[DATA — start]

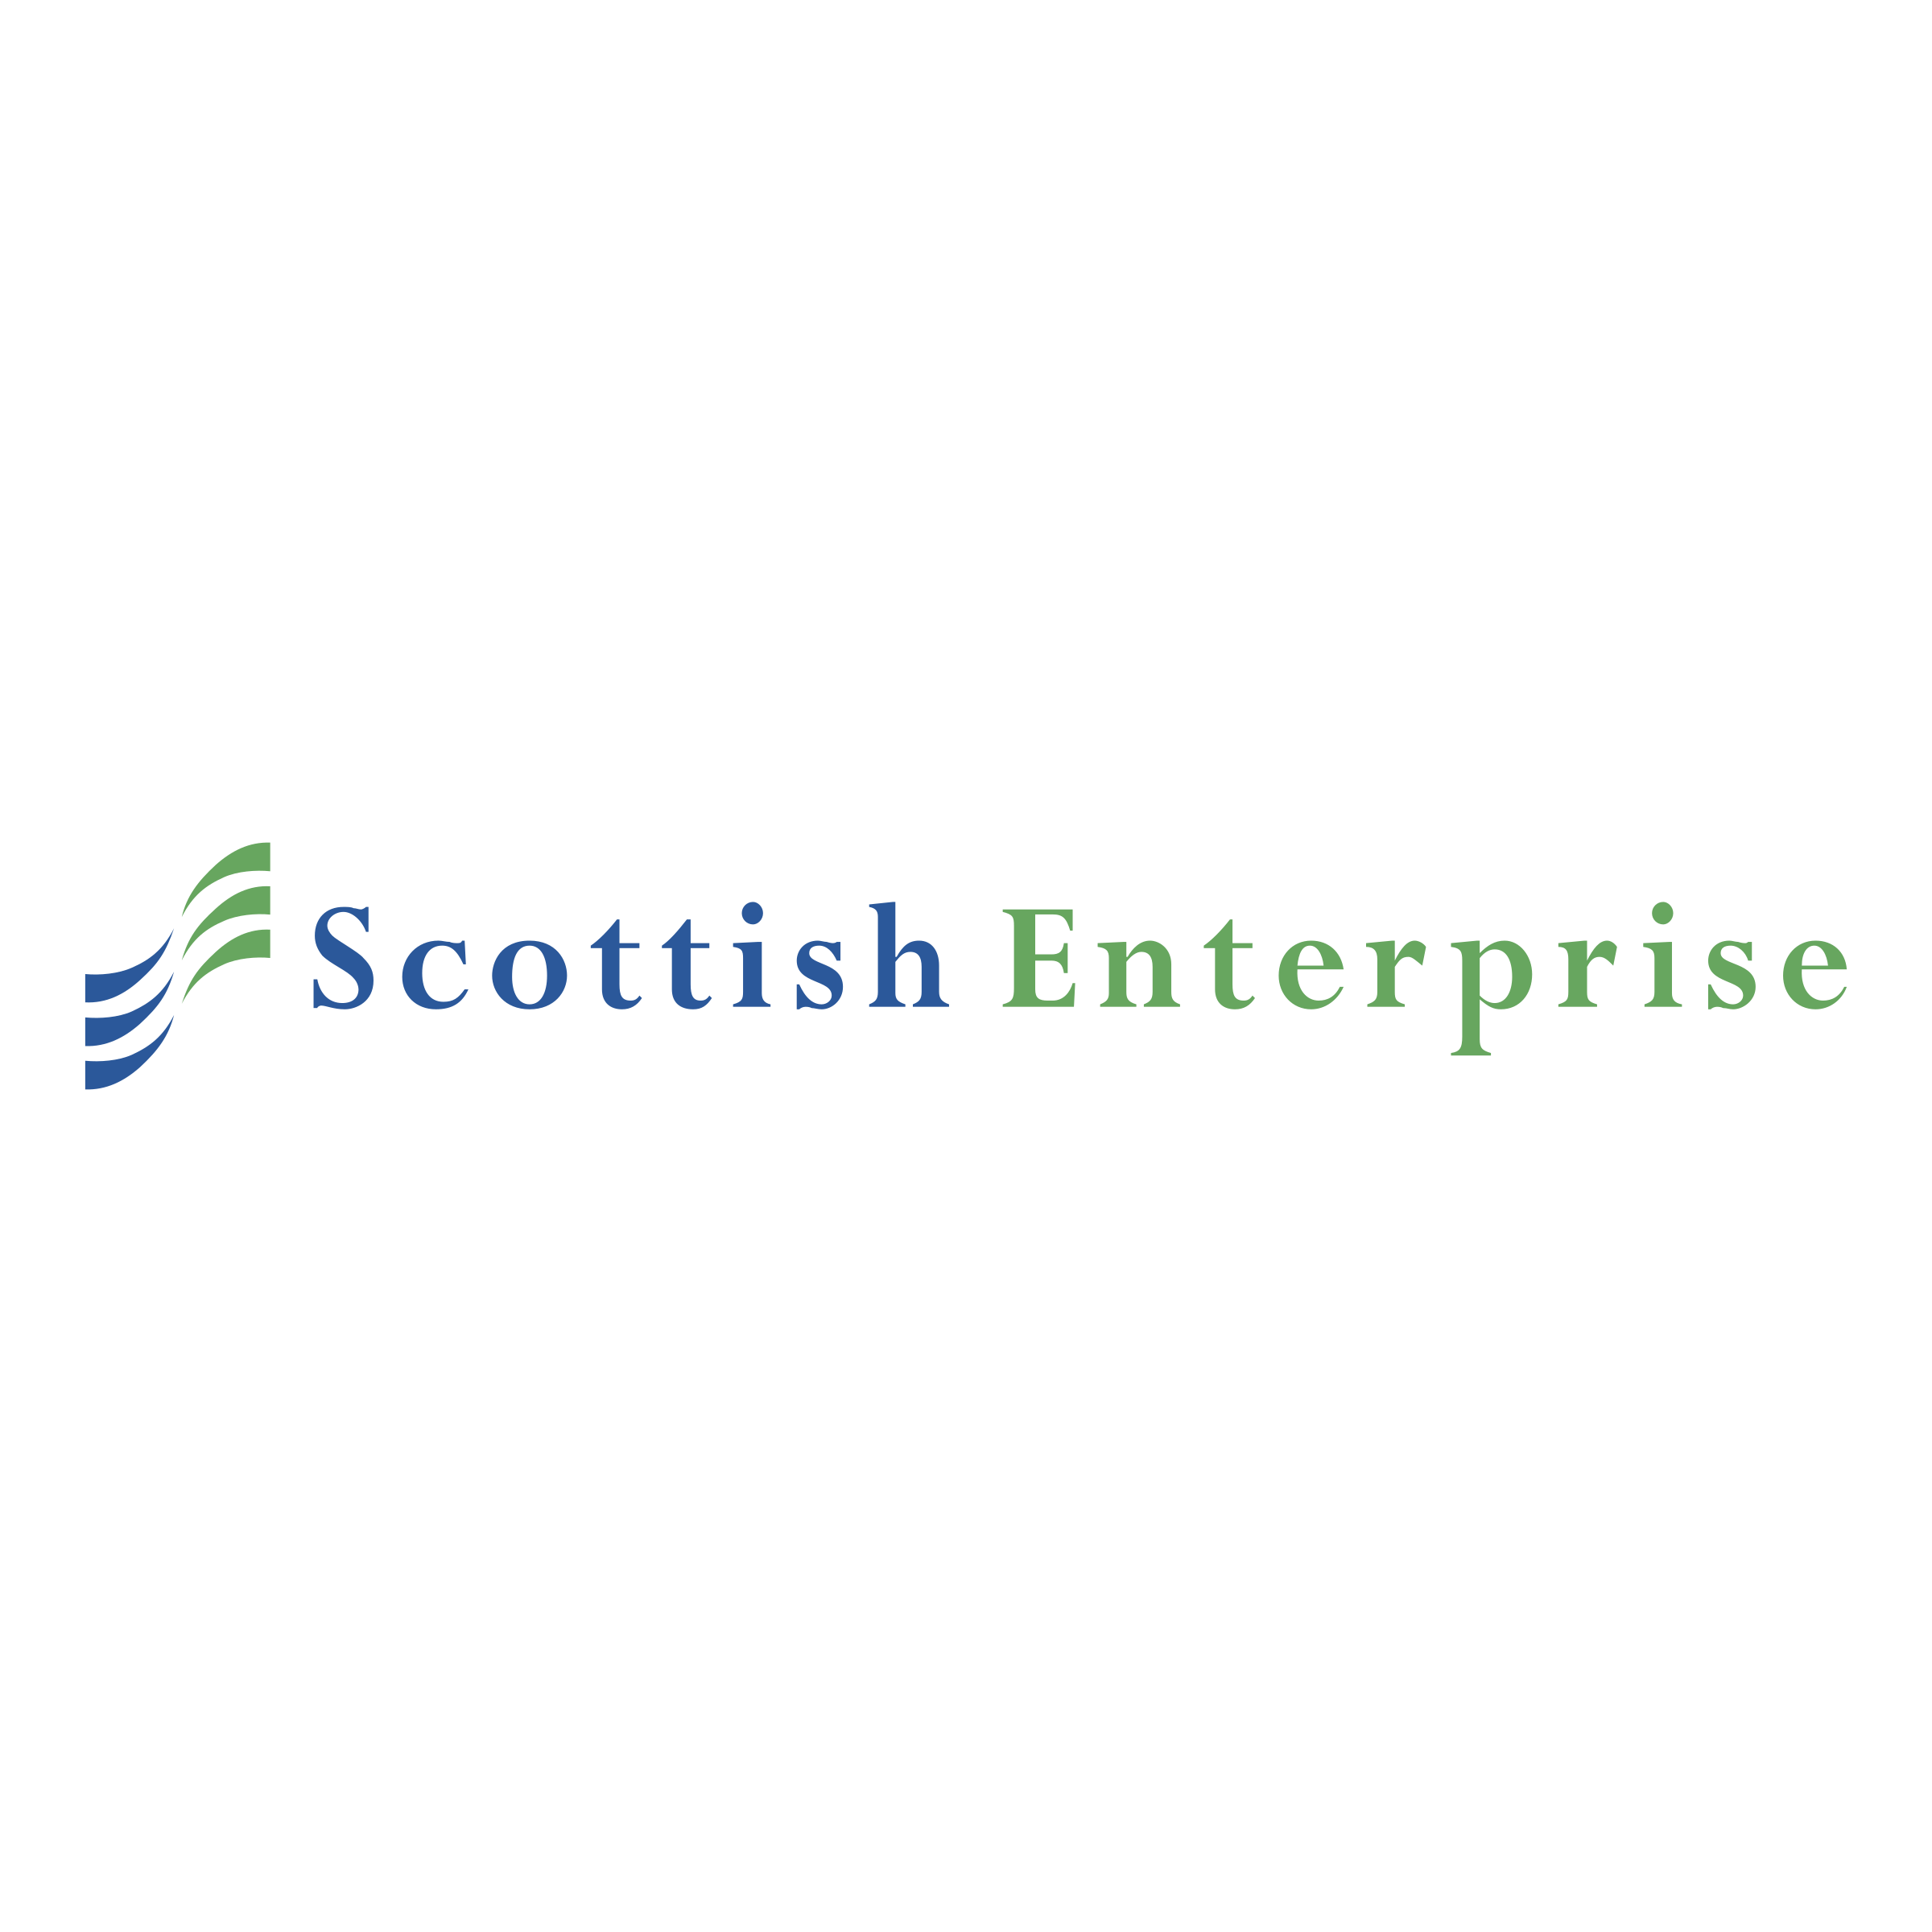 scottish-enterprise-logo-png-transparent.png
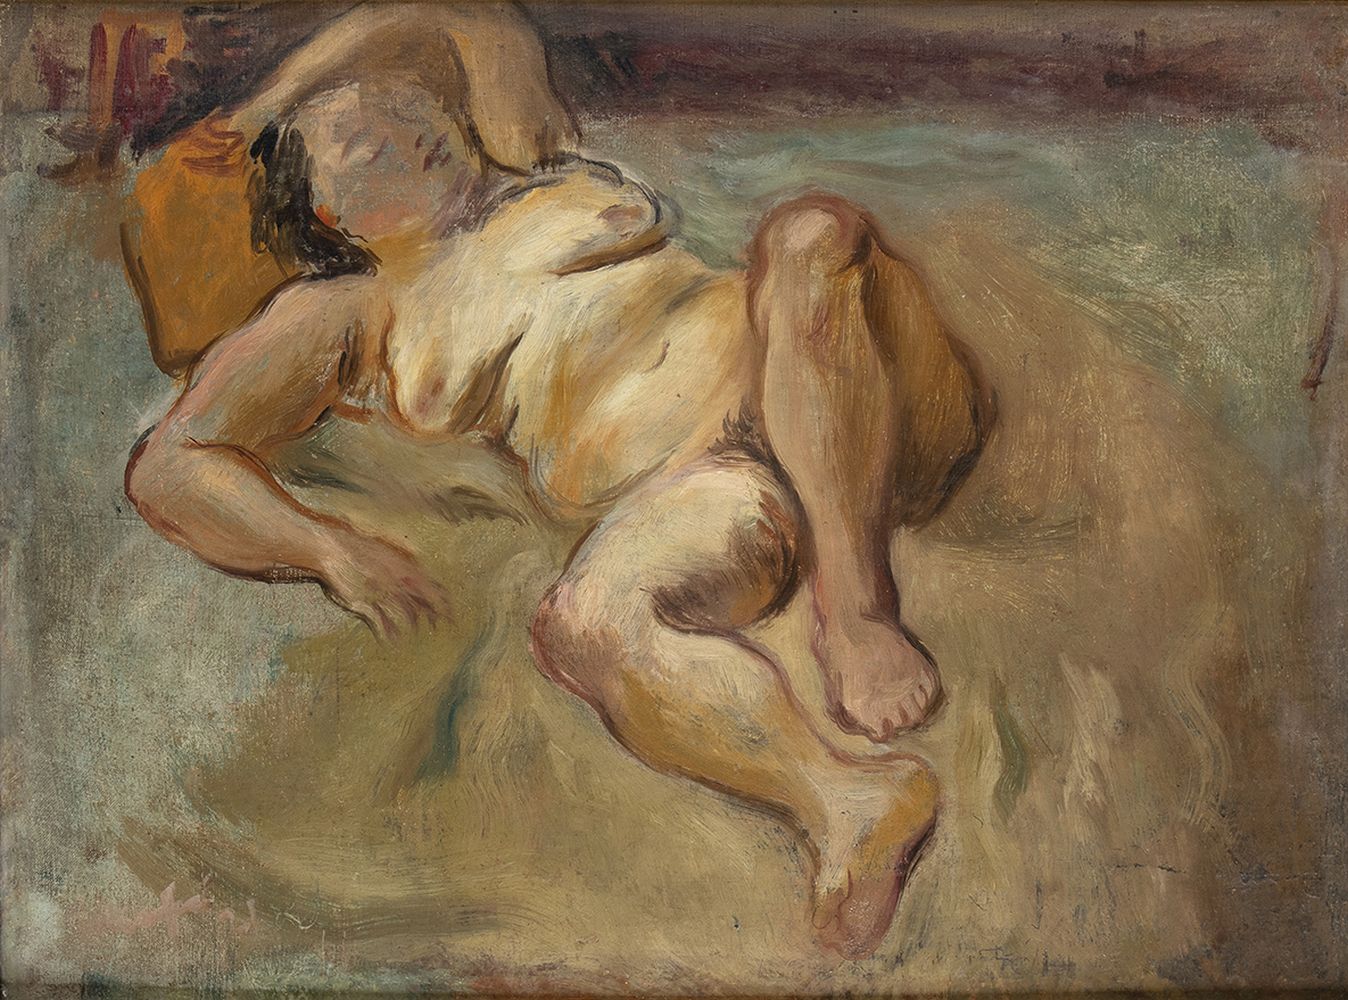 MARIO MAFAI (Rome, 1902 - 1965): Nude, 1931
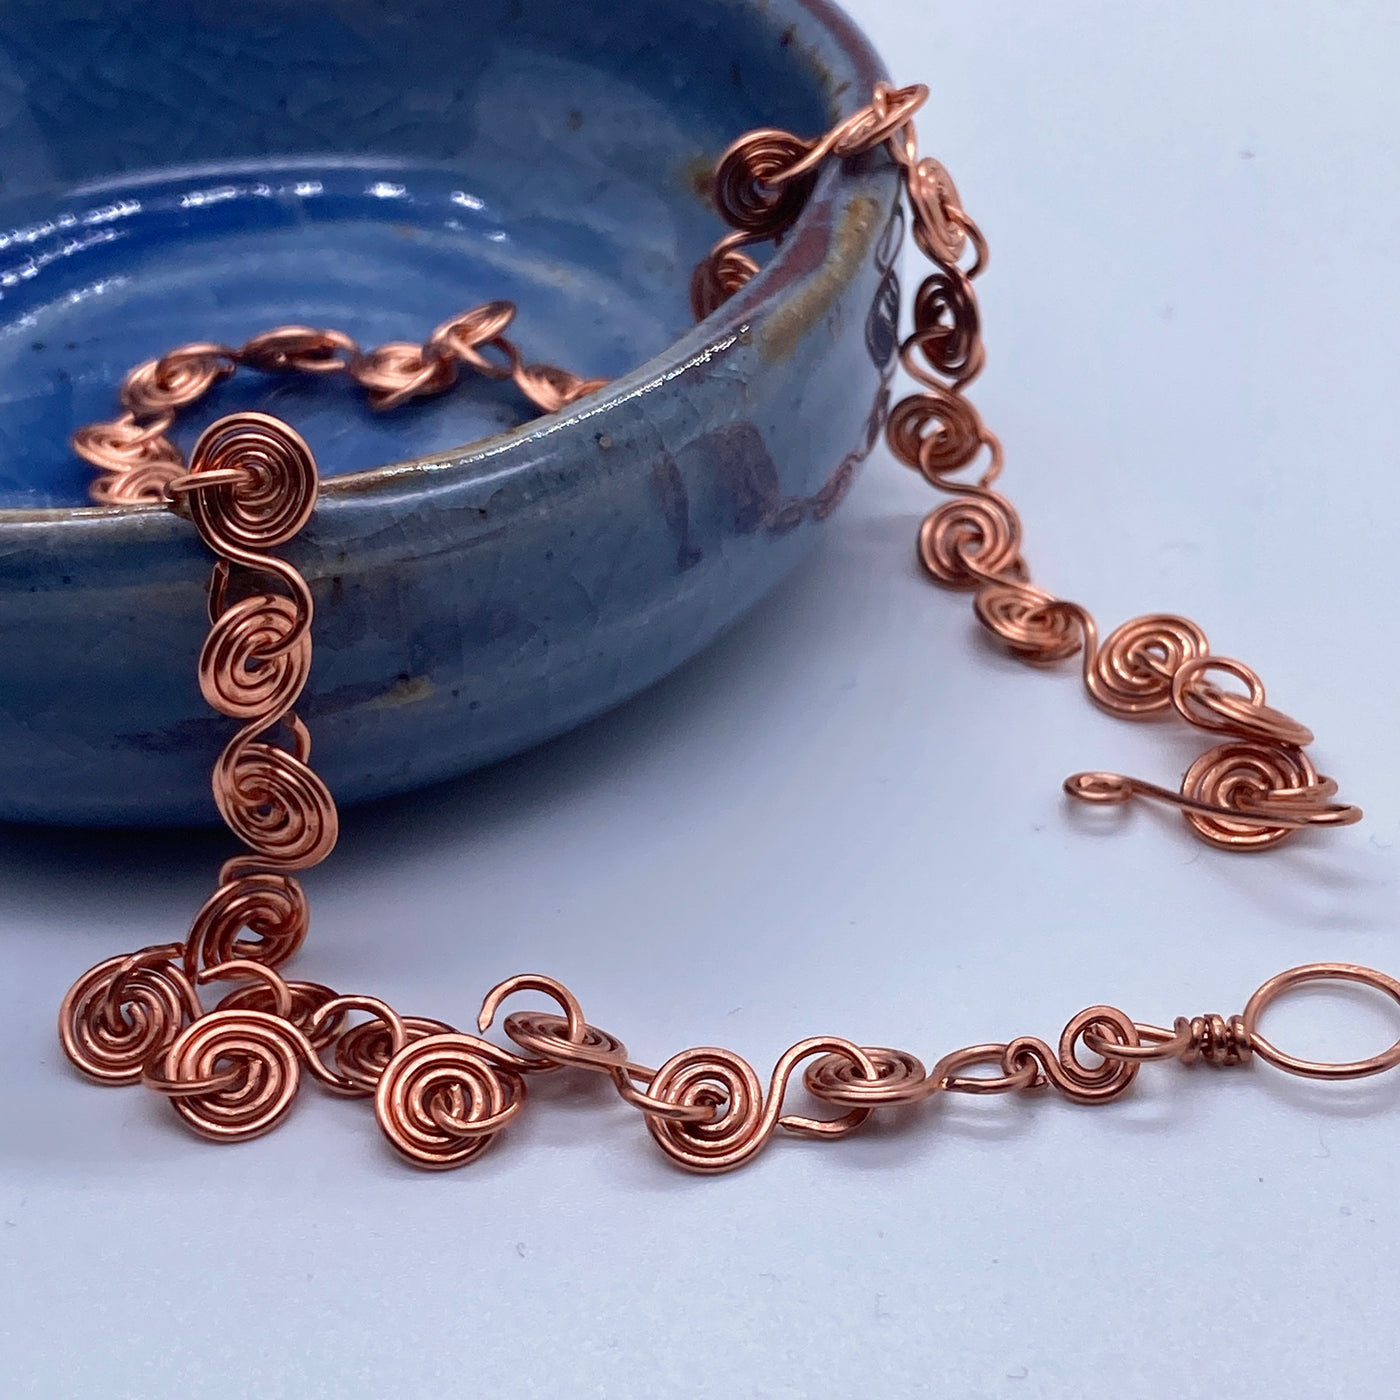 Copper spirals necklace.

[DATA — finish]

INSTRUCTIONS TO FOLLOW: Print the whole listing above exactly, and keep every picture out of the copy.

RESPONSE TO THIS TASK:
 scottish-enterprise-logo-png-transparent.png
 MARIO MAFAI (Rome, 1902 - 1965): Nude, 1931
 Copper spirals necklace.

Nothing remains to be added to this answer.